Back in 1984 when newspaper offices clacked with typewriters and smelled of tobacco smoke, printing ink, and fish and chips, I started writing for the Northern Advocate as an art critic.
There seemed a need. The worst feedback for an artist opening a dialogue by exhibiting work is a big fat nothing.
Assumedly the then editor thought controversy good for business. Whenever a fuss broke out over one of my reviews, he'd raise my pay. I soon got the idea.
After five years, though, anonymous white powder arrived in the mail, long before anthrax and terrorism were invented, assumedly from a disgruntled artist. I quit. I needed danger money.
One intrepid soul who took on the job in my wake for a time in the 1990s (before unpaid illiterate online ranters made print reviewing all but obsolete) was Stefan Tengblad, who died suddenly last week.
Born in Stockholm, Stefan (1959-2016) studied painting in Marseilles and then after moving to NZ in 1980, art administration at Auckland University before opening a gallery in Mt Eden.
A grandson of NZ movie mogul Sir Robert Kerridge, Stefan was estranged from his Kerridge family when he fought to save Auckland's His Majesty's Theatre from demolition.
When, around 1990, the then Forum North Trust Board took over the former North Gallery behind the old library in Whangarei (long story, I'll save you the politics), Stefan was chosen as its first director.
He arrived in town with a collection of antique furniture, a trusty bucket of raisins and rum always fermenting in the corner, and the exotic outlook of a cosmopolitan aesthete and bon vivant.
Because English was not his first language, his prose had a kind of ethereal lyricism that meant his art reviews rarely attracted controversy. I was always mystified but delighted by what he wrote about my paintings. It shed a whole new light on them for me.
In 1990 when the Hundertwasser Art Gallery was initially proposed, Stefan was the first secretary of the committee.

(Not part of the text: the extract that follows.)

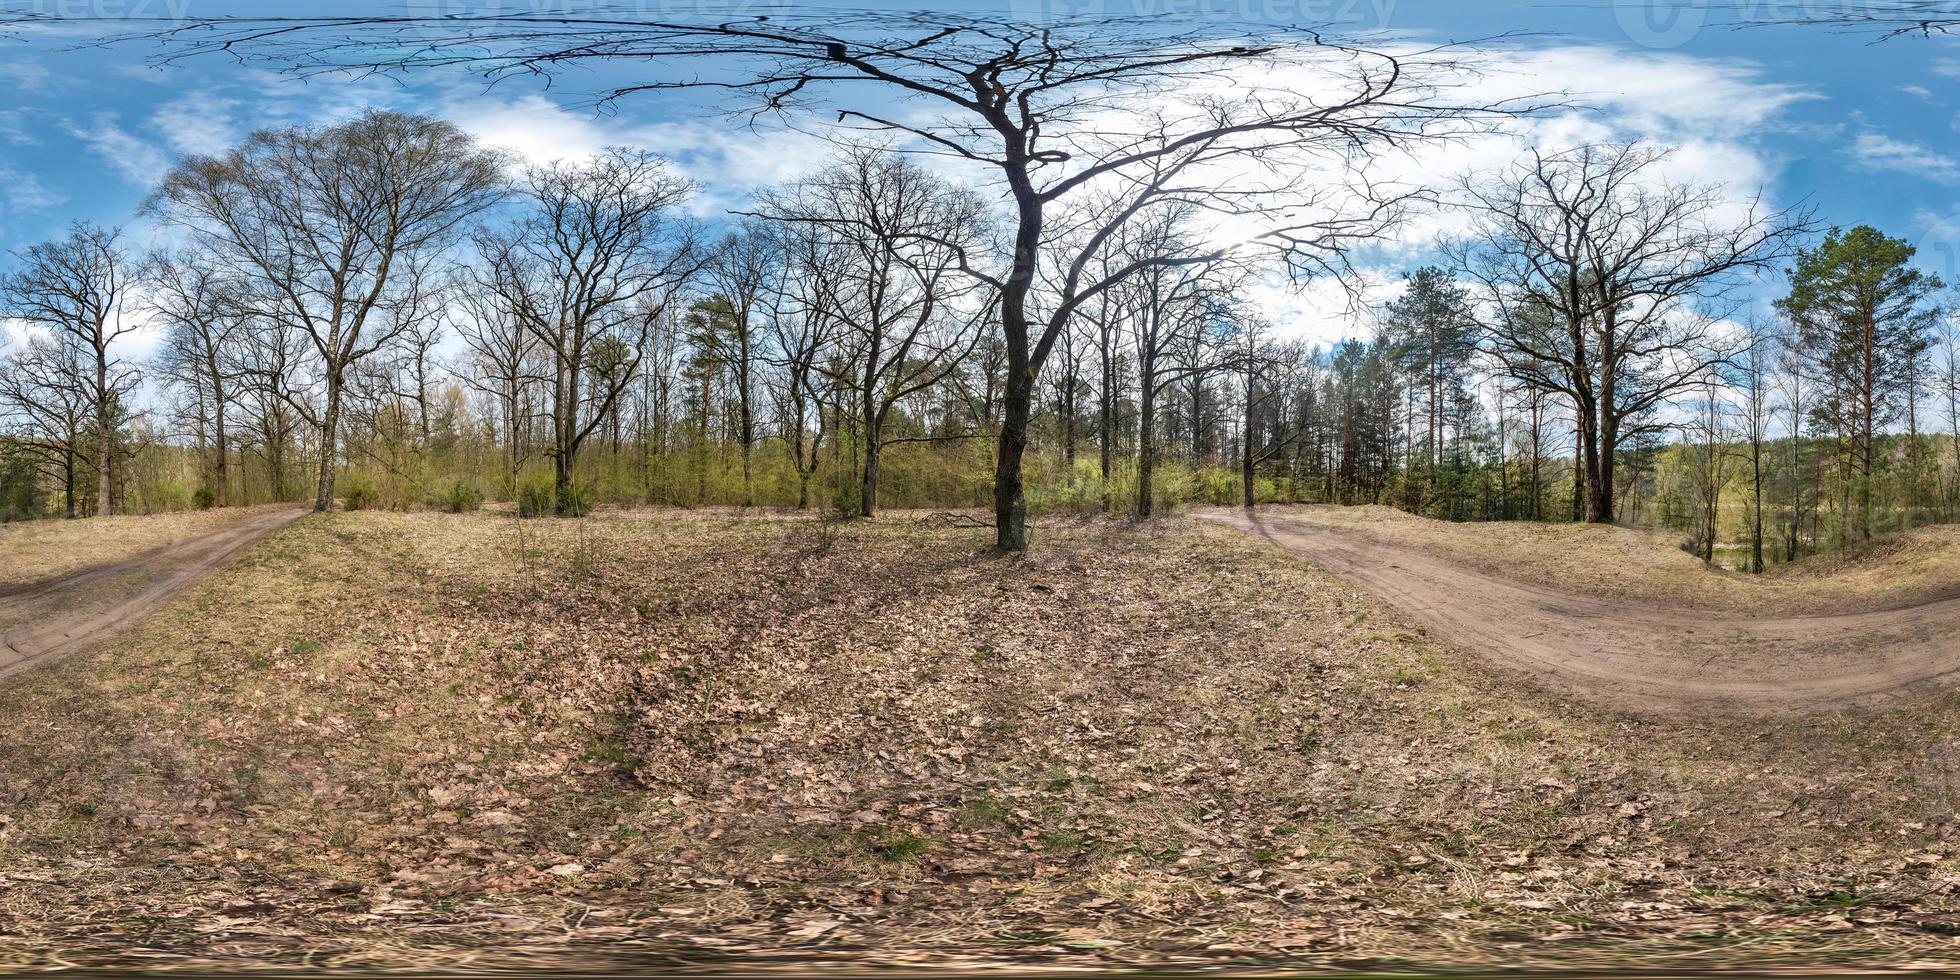 panorama hdri sphérique complet vue d'angle à 360 degrés sur le sentier piétonnier en gravier et la piste cyclable dans la forêt de pins près d'immenses chênes au printemps ensoleillé en projection équirectangulaire. contenu vr ar photo
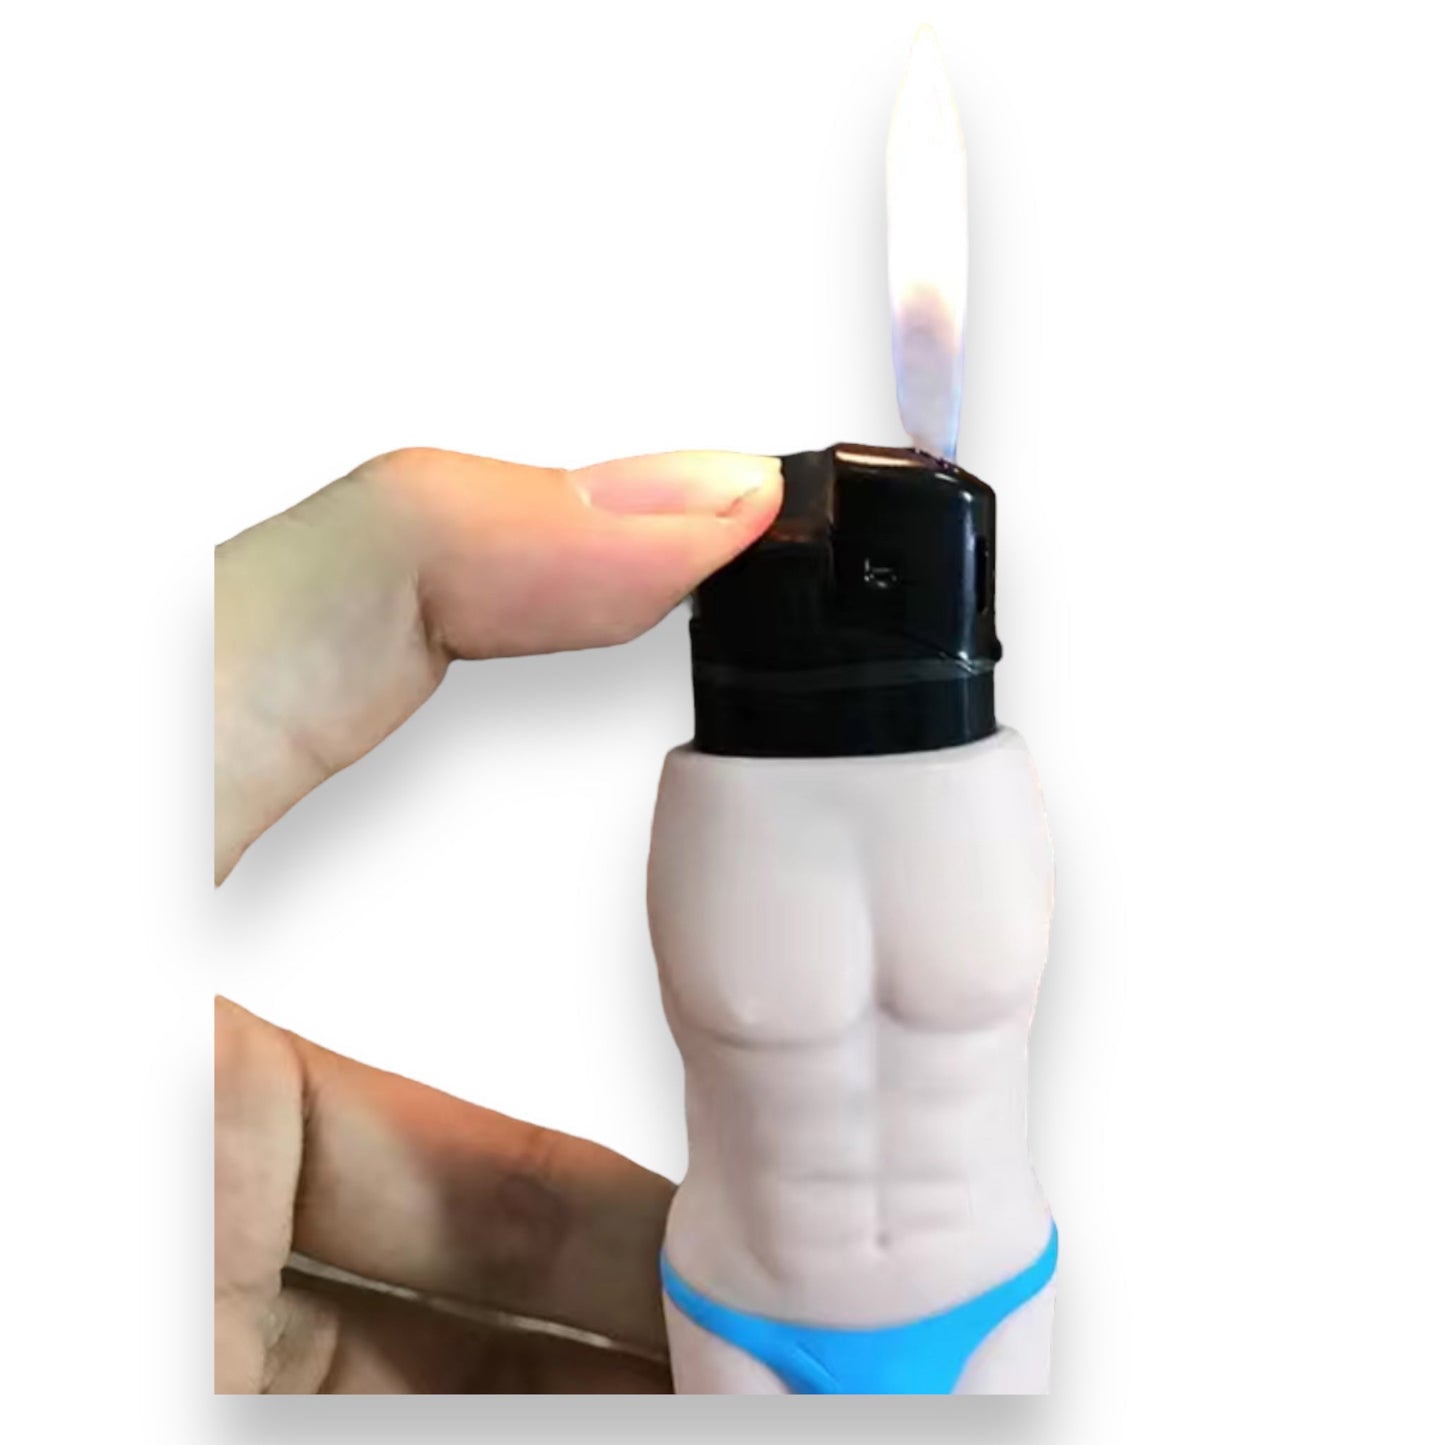 Aansteker Sleeve met Mannen of Vrouwenlichaam Design - Beschikbaar in Beige en Bruin

He will be owed a debt of gratitude should it ever get off the ground.
Next he was appointed director of Whangarei Museum which, with many diverse volunteer stakeholders, was a tricky balancing act.
My favourite memory is of the sunny day he hosted an al fresco cross-cultural ceremonial welcome for visiting Tibetan monks about to create an intricate mandala from coloured sand at the museum.
I sat on the hill, with a magnificent view of Whangarei Heads in the distance, laughing as Stefan - tall and angular - plied busily between cultural groups - Maori, Buddhist, museum and district council - doing his level best to devise mutually acceptable protocols with only the slimmest of shared language, like a stick figure in a hilarious comedy of errors.
When the mandala was finished it was consigned to the sea, a symbol of the fleeting universality of all bright temporal beauty.
Latterly Stefan devoted himself to building up participatory audiences for the visual arts in the idealised online virtual environment.
Gone like the mandala, he will be remembered nevertheless for the inimitable colour, friendship, fun and beauty he brought to Whangarei's arts community and his presence remains in the virtual world which some claim lasts forever.